Joseph had cited a precedent going back more than 100 years that states speech isn't protected when it presents a clear and present danger, like yelling fire in a crowded theater when there is no fire. He had noted that the beginning of the shutdown stemming from the pandemic, about a week before Bailey made his post, time of "great uncertainty, fear and in many cases, panic, in our community."

Joseph called Bailey's decision to make the post at that time "not only irresponsible, but it might very well have been criminal.

"Indeed, the court finds it well within the realm of possibility that his Facebook post, if it had indeed gone 'viral,' was likely to have caused sustained fear, anxiety and perhaps injury and death among the people of central Louisiana."

Bailey's post read, "SHARE SHARE SHARE!!!! JUST IN: RAPIDES PARISH SHERIFFS OFFICE HAVE ISSUED THE ORDER, IF DEPUTIES COME INTO CONTACT WITH 'THE INFECTED' SHOOT ON SIGHT ... Lord have mercy on us all. #Covid9teen #weneedyoubradpitt"
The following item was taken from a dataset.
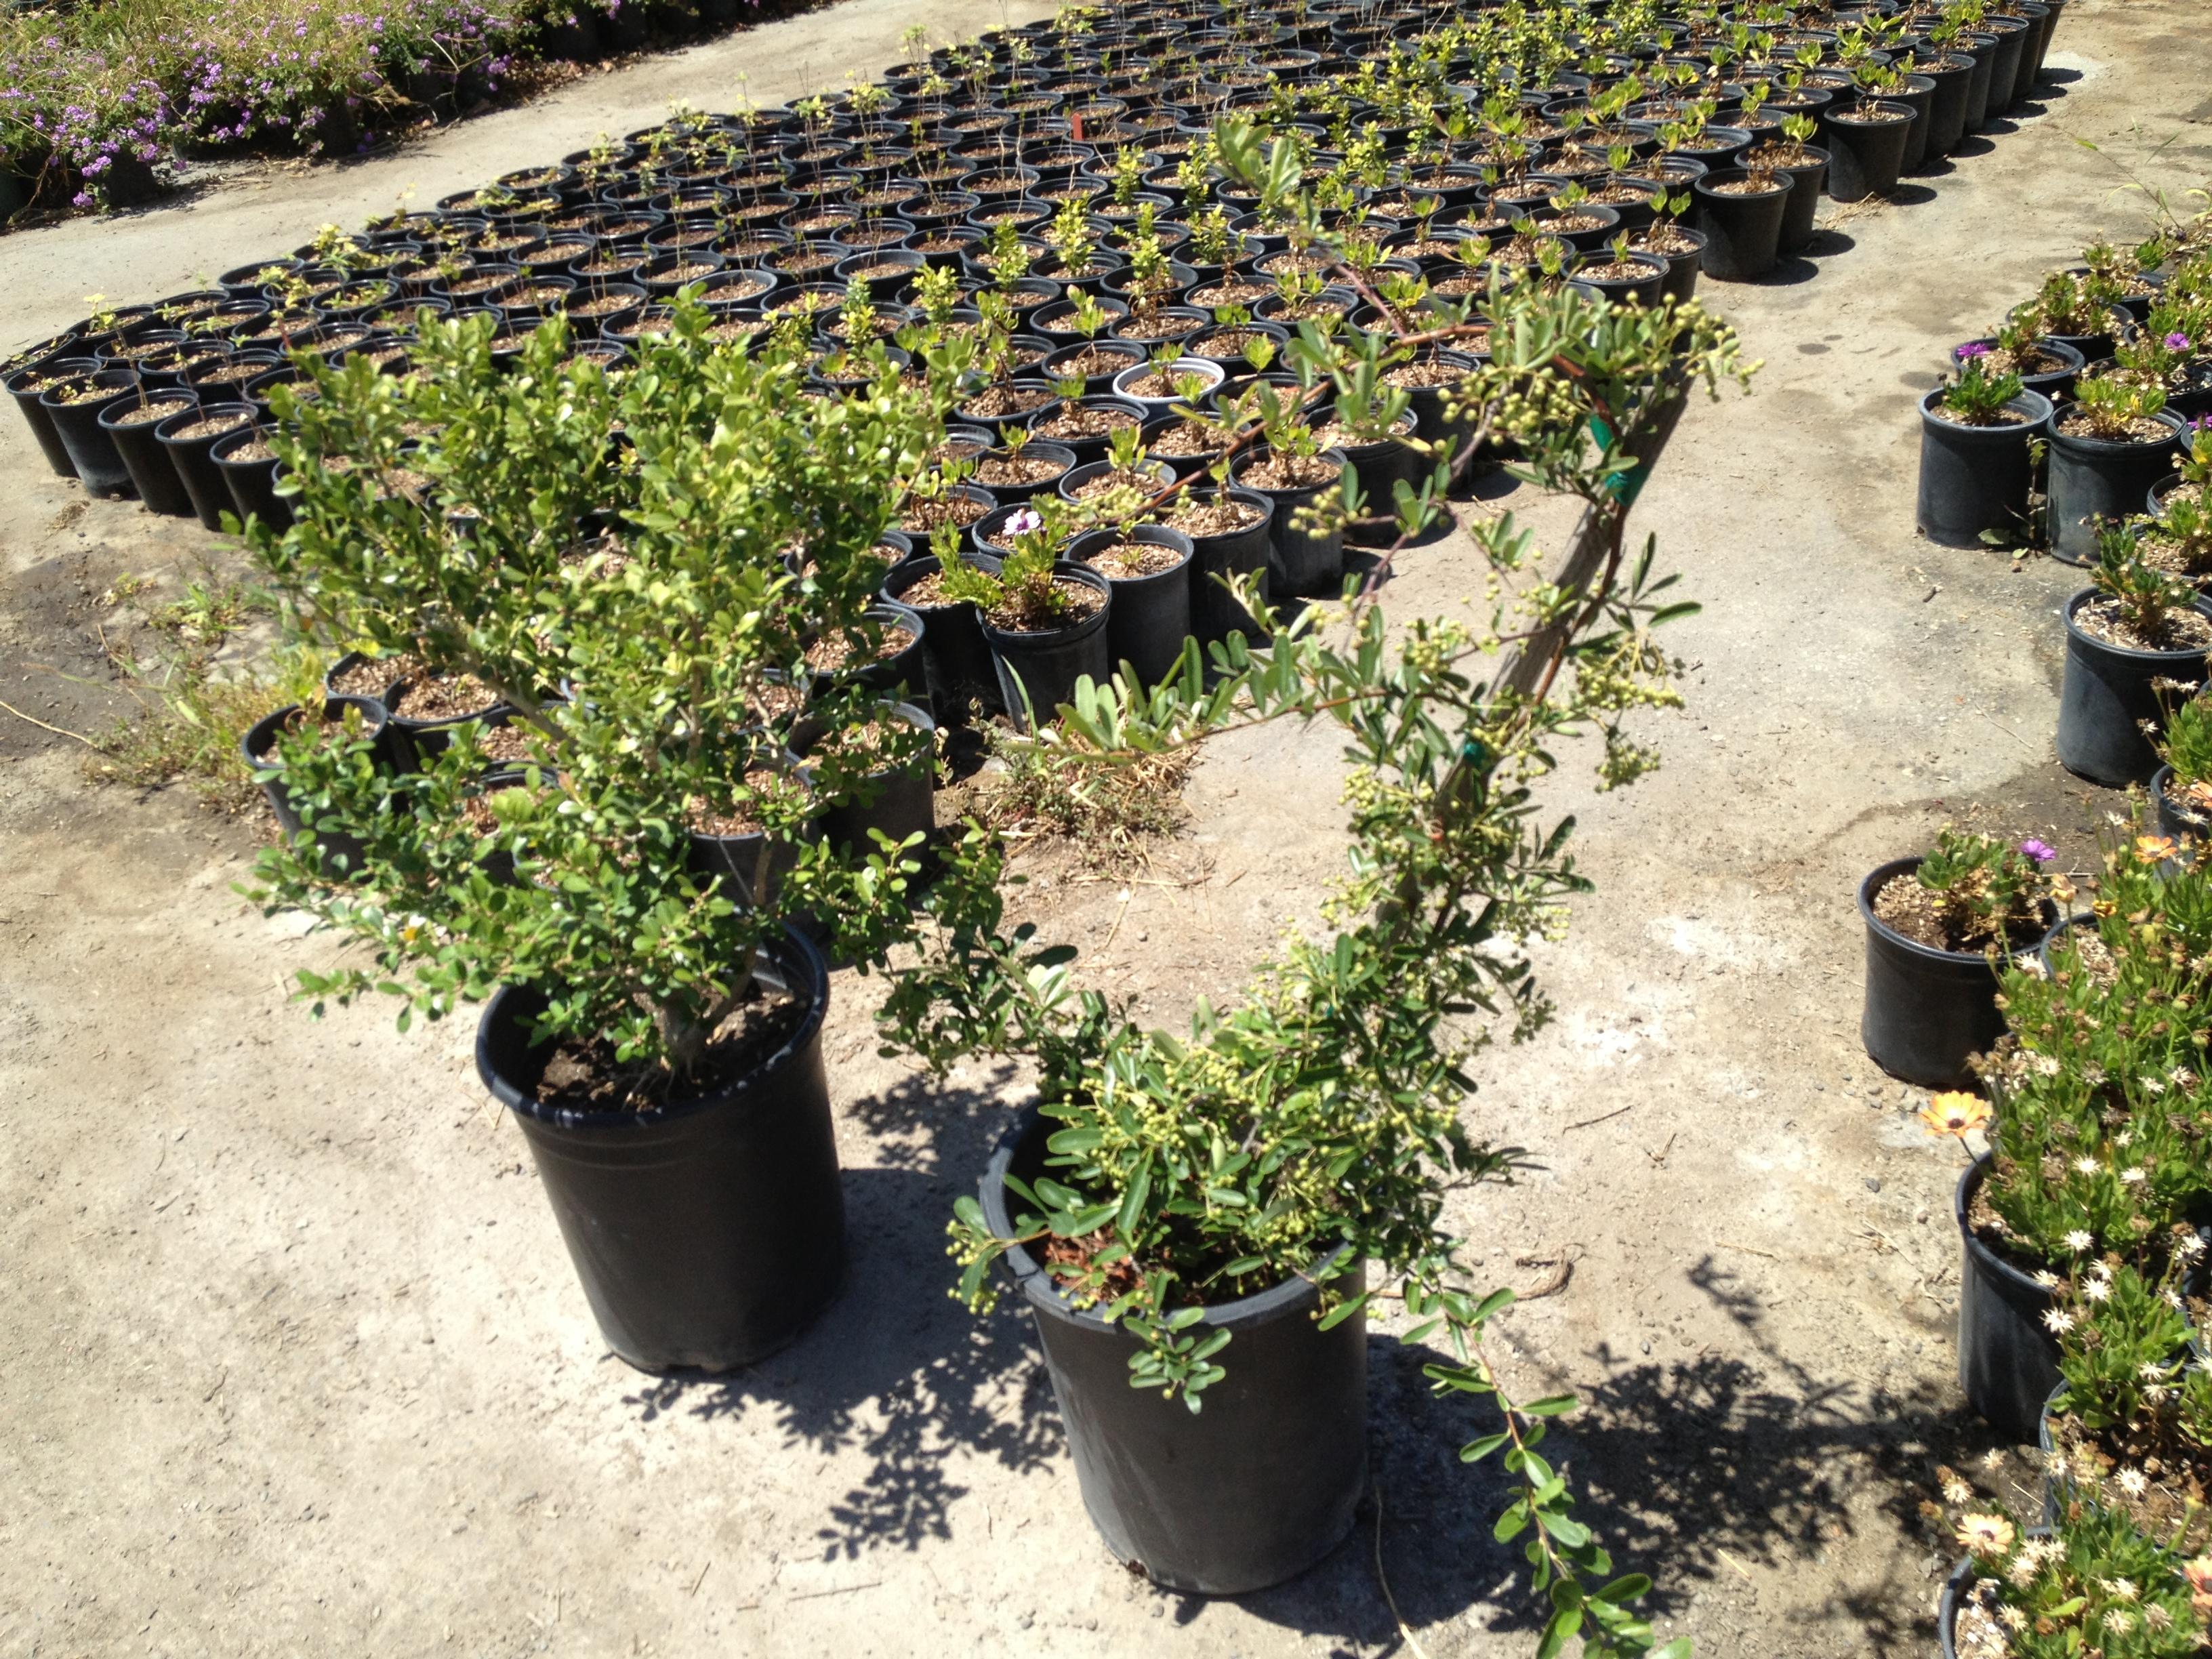 Selecting Good Nursery Stock To Grow As Bonsai The Bonsai Dilettante

In the amicus brief, the groups say the 100-year-old precedent has been superseded in the years since. Because of that, Bailey's post is protected speech, they wrote, and they compared it to a similar post about crashing a plane if infected people were on board that was made the same month by The Onion, an organization specializing in satire.

"At the time Iles viewed Bailey's post, there was plenty of context for the reasonable reader to consider," it reads. "Both the post itself and the comments left by others clearly indicated its humorous nature."

A spokesman said the Rapides Parish Sheriff's would not comment because of the pending litigation.